For the team that employs him, this is a problem. San Francisco has passed a law that requires vaccinations in certain indoor settings, like the Chase Center where the Warriors play. If Wiggins maintains his refusal, he could miss all of Golden State’s home games, and forego half his US$31.5-million salary. The same applies to Irving in Brooklyn and anyone who has similar thoughts on the Knicks, as New York City has a vaccine requirement similar to that of San Francisco. Other cities and states (and provinces) could yet implement laws of that nature, especially if vaccine resistance continues.
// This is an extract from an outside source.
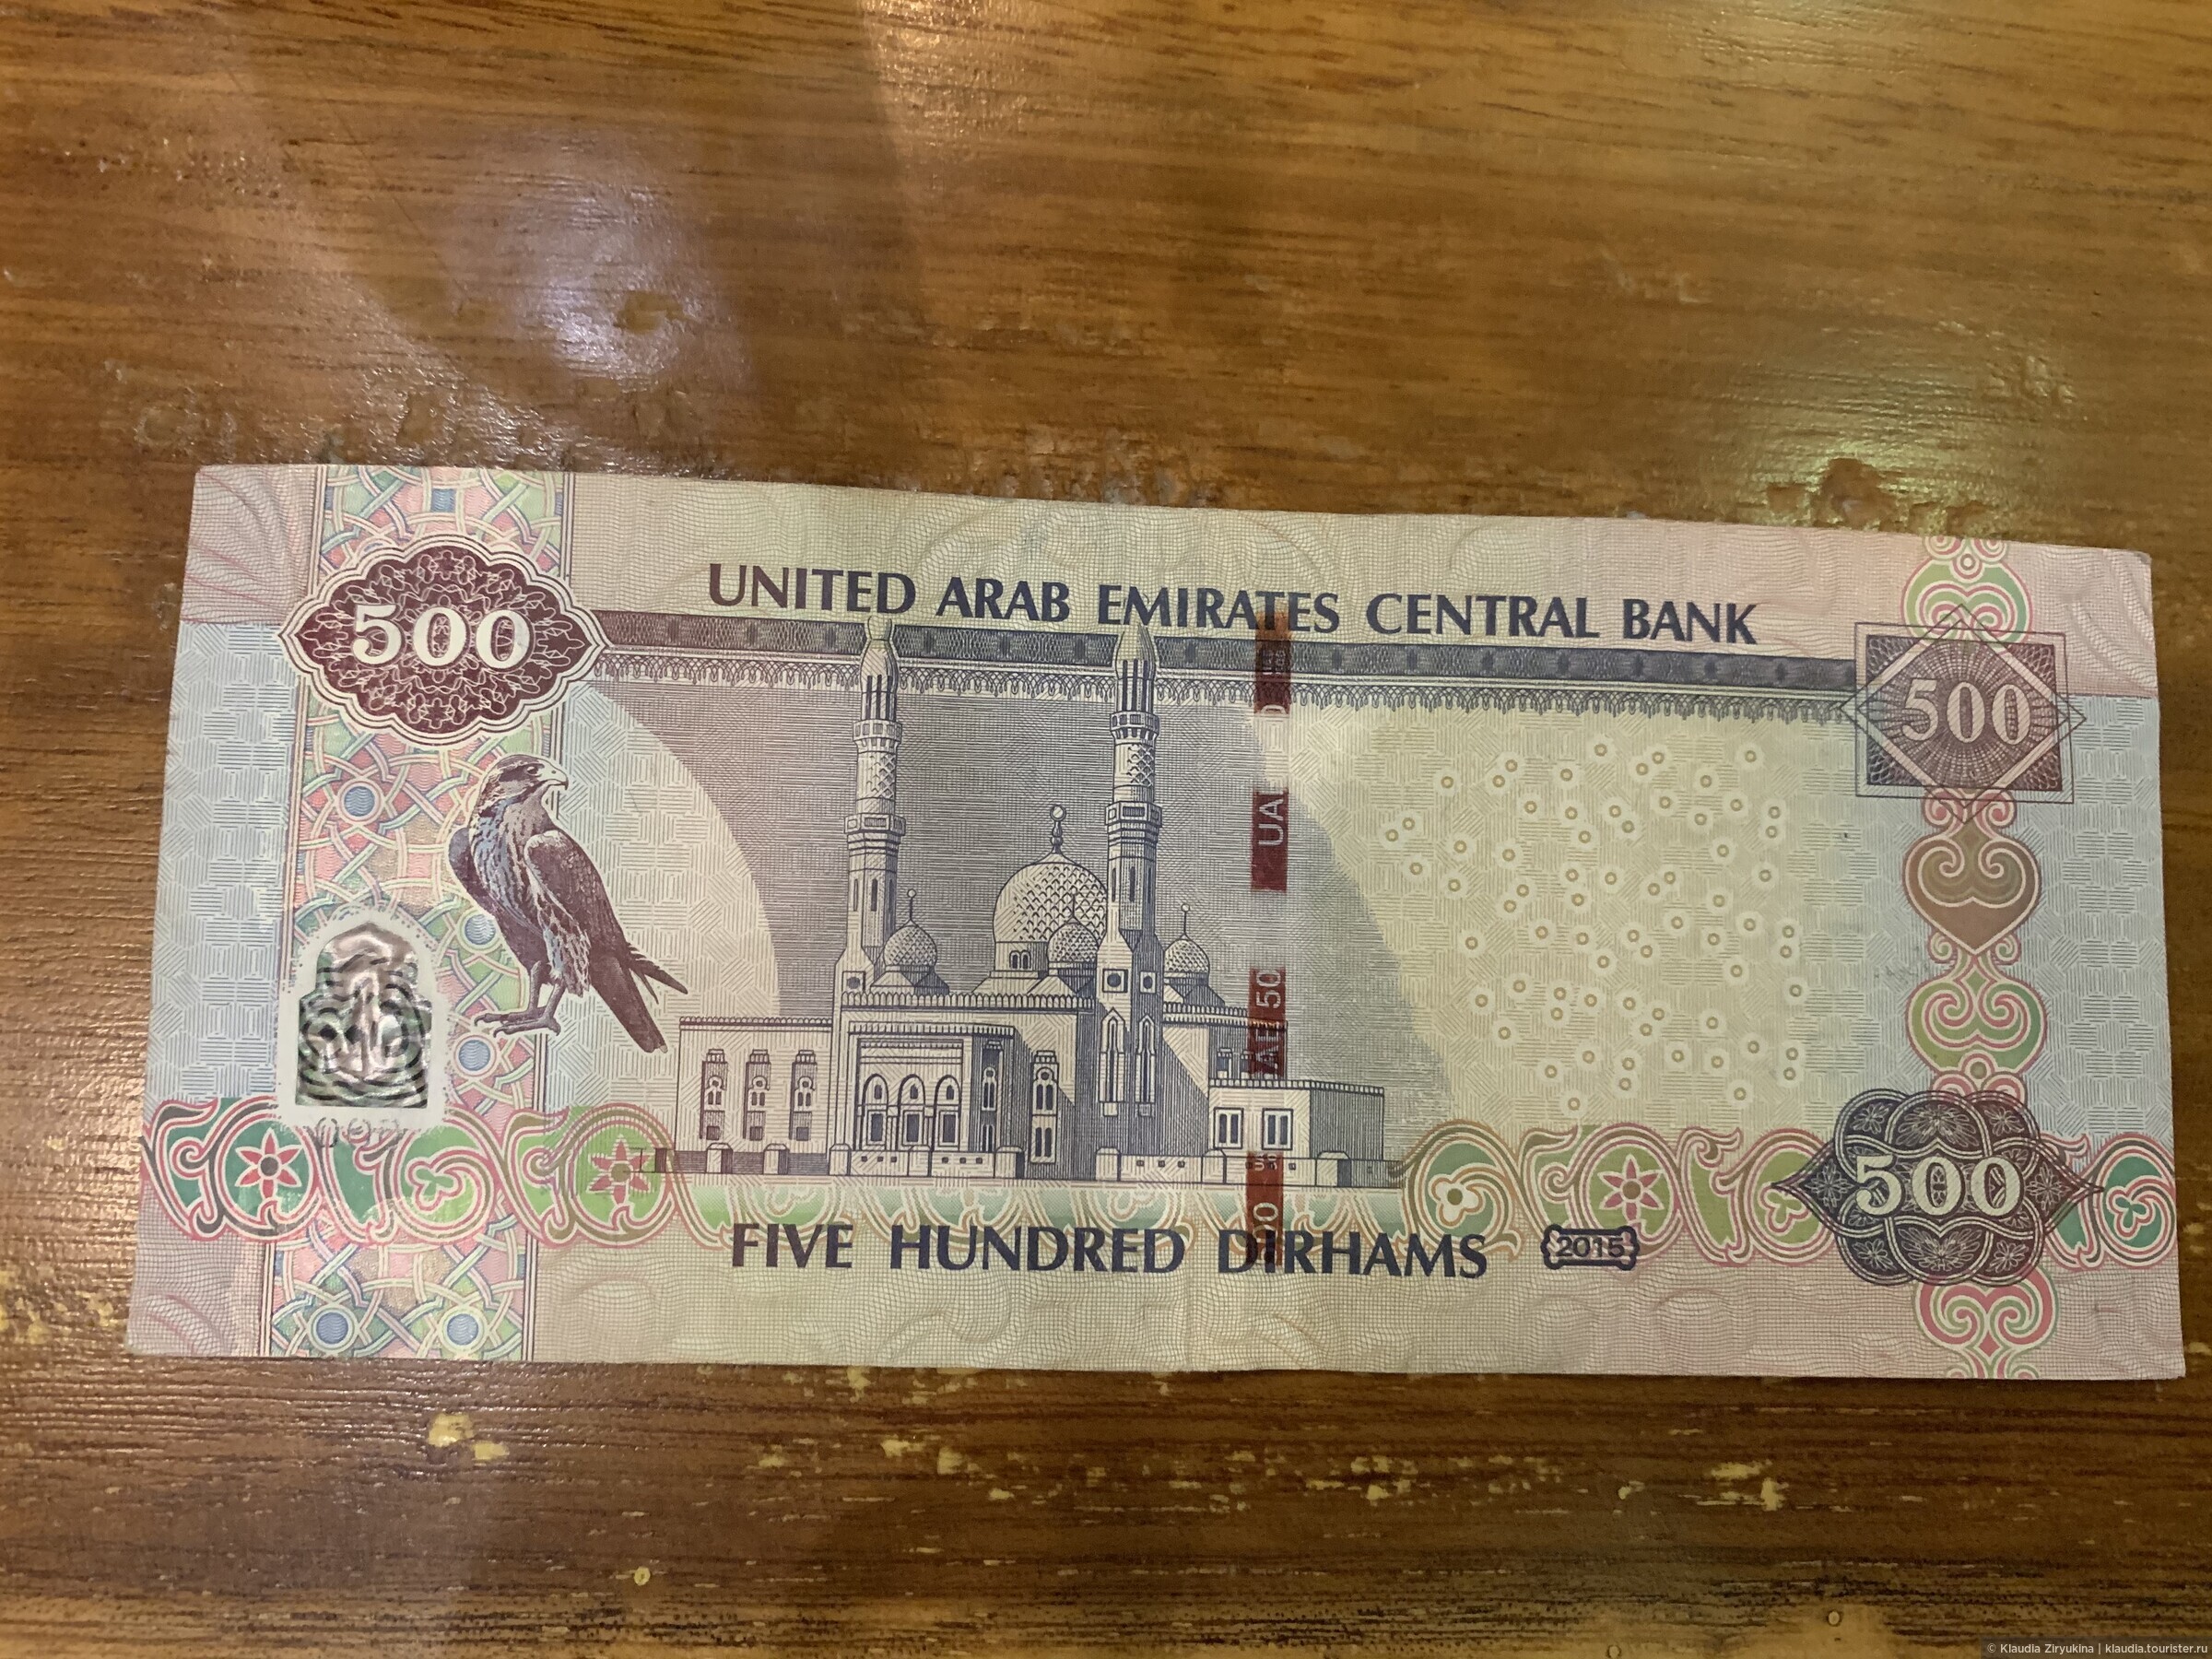 Рубль дирхам курс на сегодня в дубае. Купюры с мечетью. Купюра 500 дирхам. Деньги Дубая фото. 500 Дирхам ОАЭ банкнота.

Wiggins, Irving and others who continue to refuse vaccines will put their teams at a massive disadvantage if they keep this up. And what they don’t seem to have accepted is that they can believe deeply in their freedom to refuse a safe, effective treatment, but the consequence of that decision is that they will hurt their teams and damage their careers, perhaps irredeemably.

It’s the same tradeoff that has to be considered by anyone in countless types of jobs at this point of the pandemic. Refuse that vaccine all you want, but you might lose your paycheque. Your thoughts are your thoughts, but the rest of society doesn’t have to embrace them.

Wiggins and his holdout peers have much more at stake than the rest of us with their obstinance. We shall see if their beliefs remain resolute.